Ser mãe é recordar com apego o momento em que o filho pontapeia a barriguinha pela primeira vez. Qual jogador de futebol. Qual Ronaldo.

Ser mãe é ter olheiras ternurentas, angustiar-se com os choros inexplicáveis. É chatear-se sem nunca perder o amor. E ele às vezes perde-se. Perde-se na raiva, nas opiniões infundadas, naquilo que os outros pensam. Perde-se e pronto.

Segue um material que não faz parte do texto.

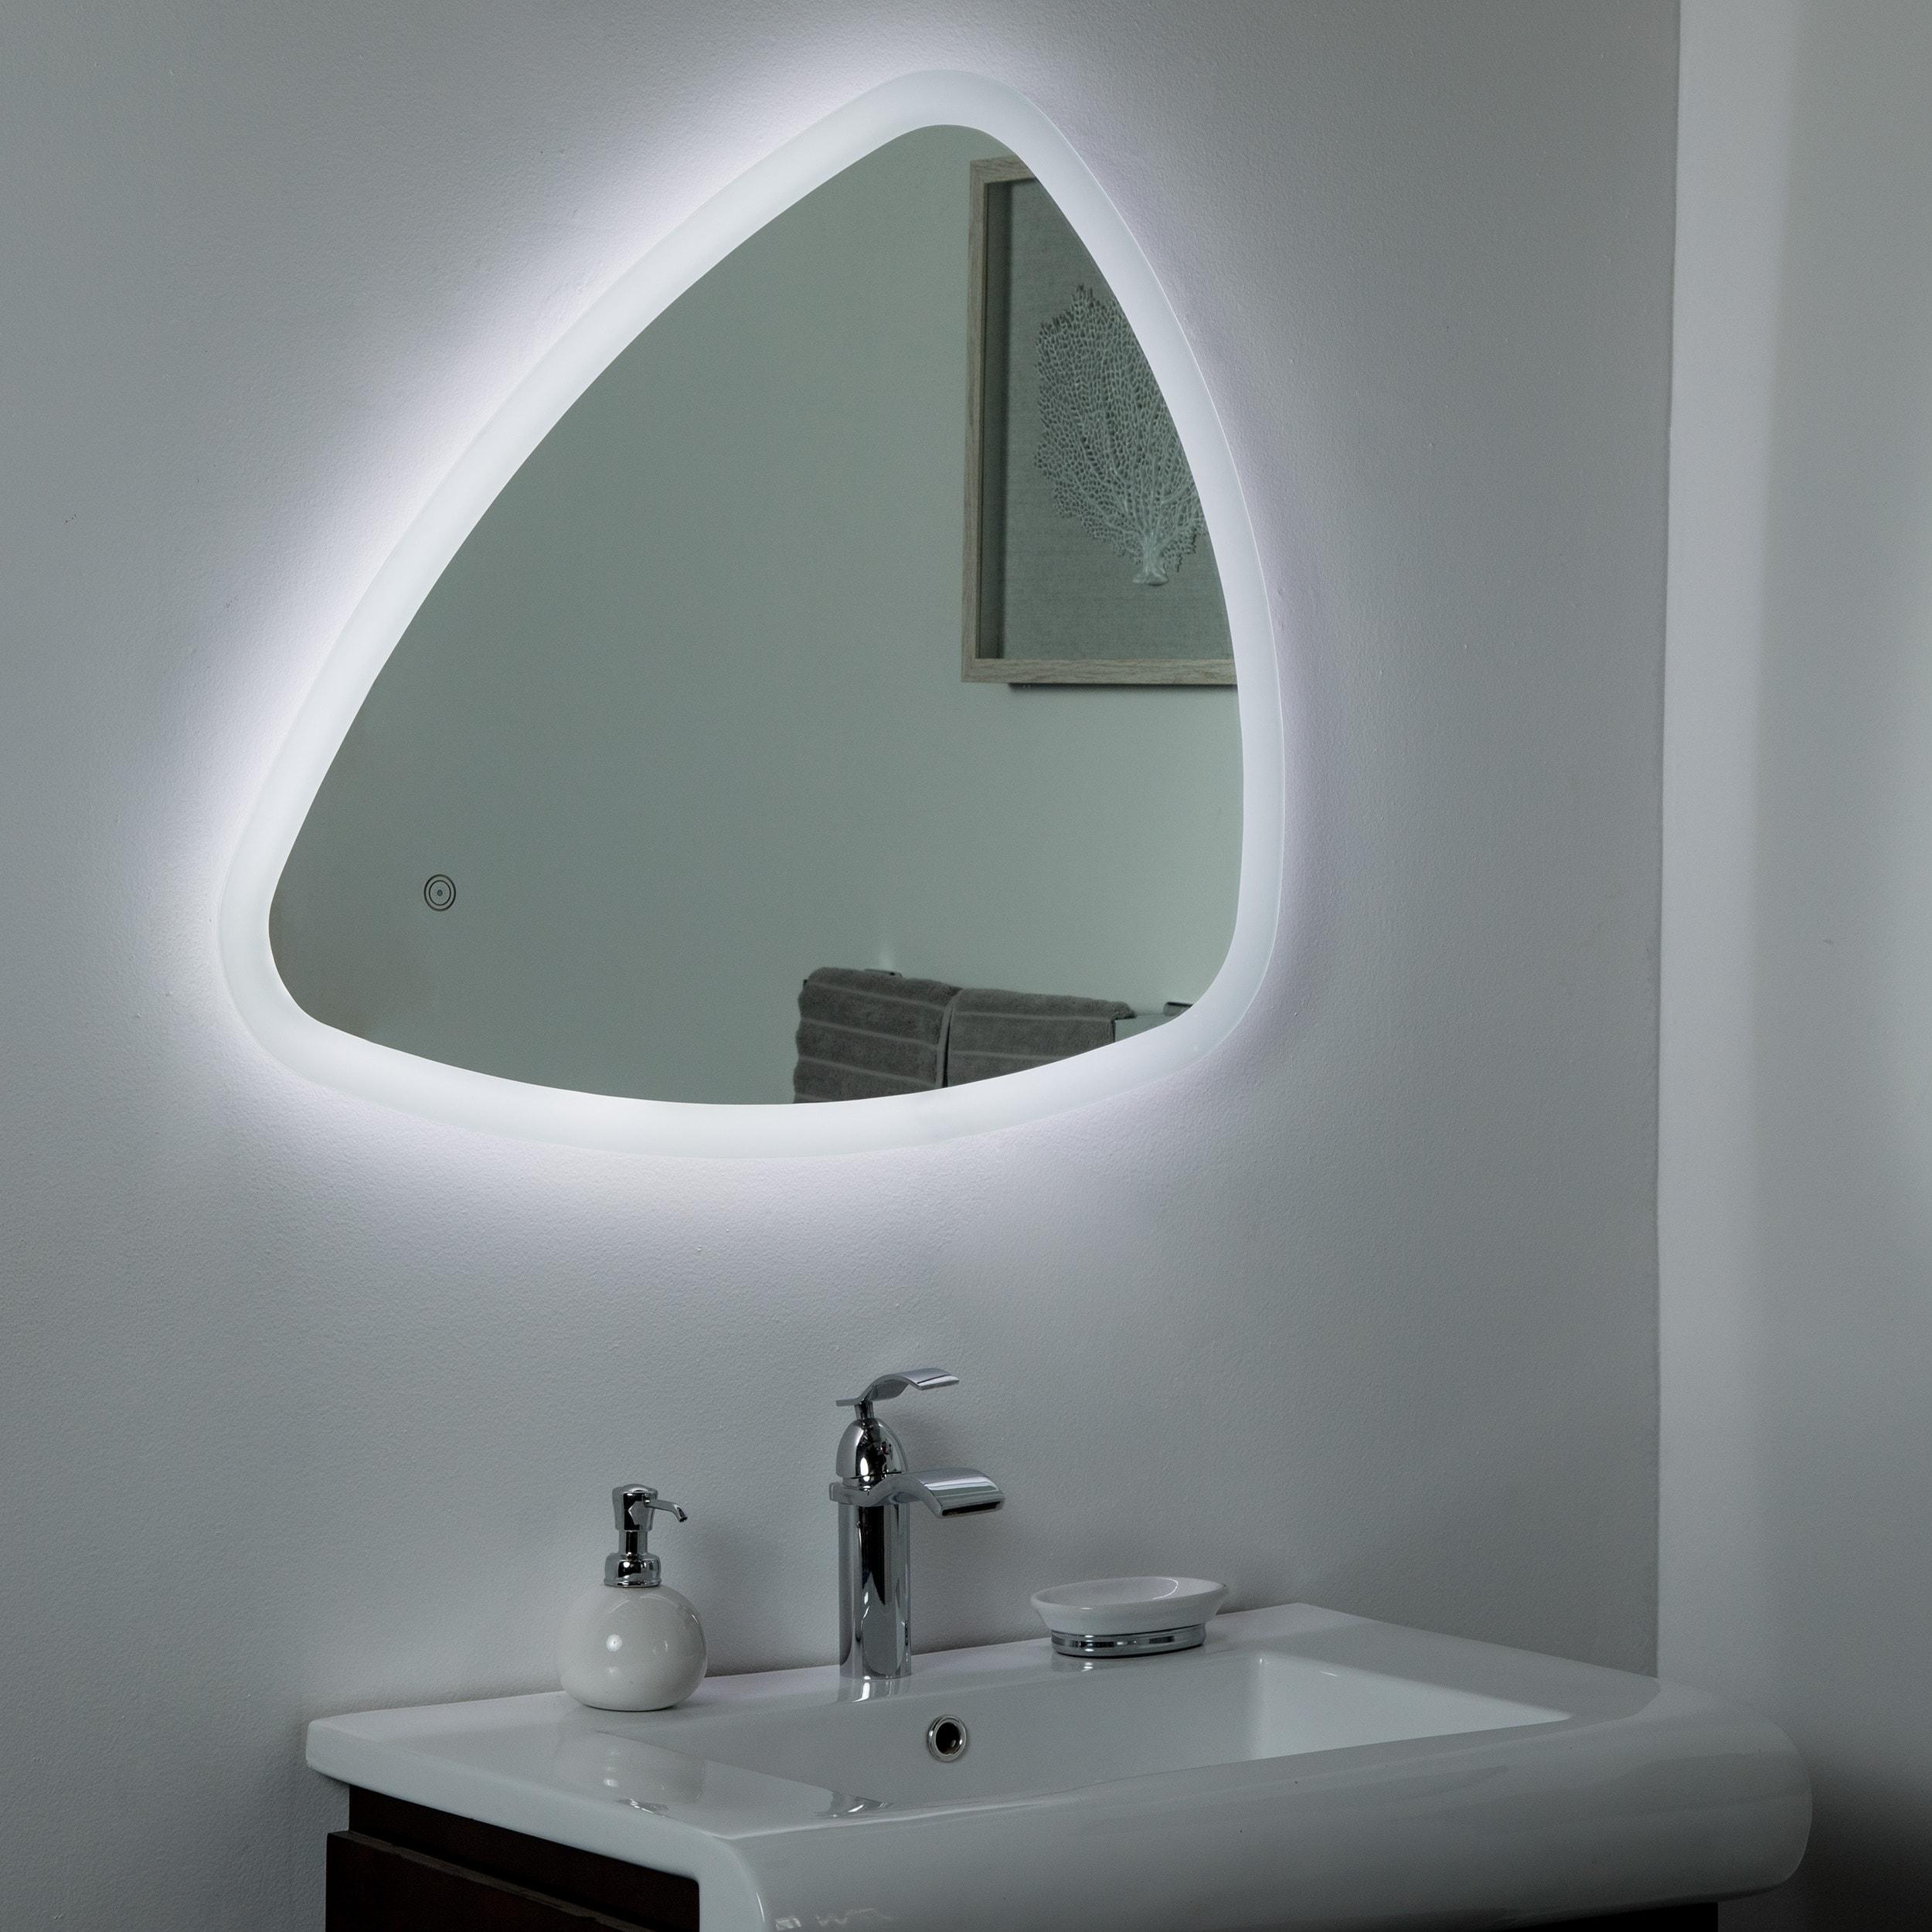 Ashley Backlit Led Mirror 33 5 X 23 6 In Bathroom Silver 5x27 5x1

Ser mãe é presenciar de perto as descobertas do filho. Sempre. É sentir a mãozinha a procurar proteção. Nesta ou naquela parte do corpo. Não interessa. Quando há mãe, há entrega total. Para o bem e para o mal.

Ser mãe é assistir ao crescimento do filho. Medir cada centímetro.

Ser mãe é reinventar-se a si mesma. É voltar a sentir aquela chama pelo marido. A chama apagada do passado. É fazer renascer o romantismo.

Ser mãe é encher a boca de sorrisos por ver o filho marcar aquele golo importante. Lá na escola. Ou no jardim de casa, com amigos.

Ser mãe é saber descer do pedestal quando é necessário. Esquecer o nível e proteger a criança ao máximo. É bom. E sabe bem.

Ser mãe é esperar, pacientemente, o momento de ser avó. Para renovar os sentimentos. Para ganhar novas experiências. Para experimentar um novo tipo de amor. Ou dar continuidade ao anterior. Numa outra dimensão. Numa nova era.

Ser mãe é isto e muito mais. Acredito piamente. Acredito que seja algo que transcende a realidade. E ainda bem que assim é.

Ser mãe é dar azo ao sorriso. É esquecer as lágrimas mesmo quando elas teimam em formar rios de dor por todo o corpo. Pelo meu. Pelo seu. Pelo de todos nós. No fundo, somos mães a tempo inteiro, porque afinal, e como já o disse; o amor de mãe é o melhor amor do mundo. E não há melhor coisa que espalhar pelos outros o amor verdadeiro, genuíno. O amor incondicional.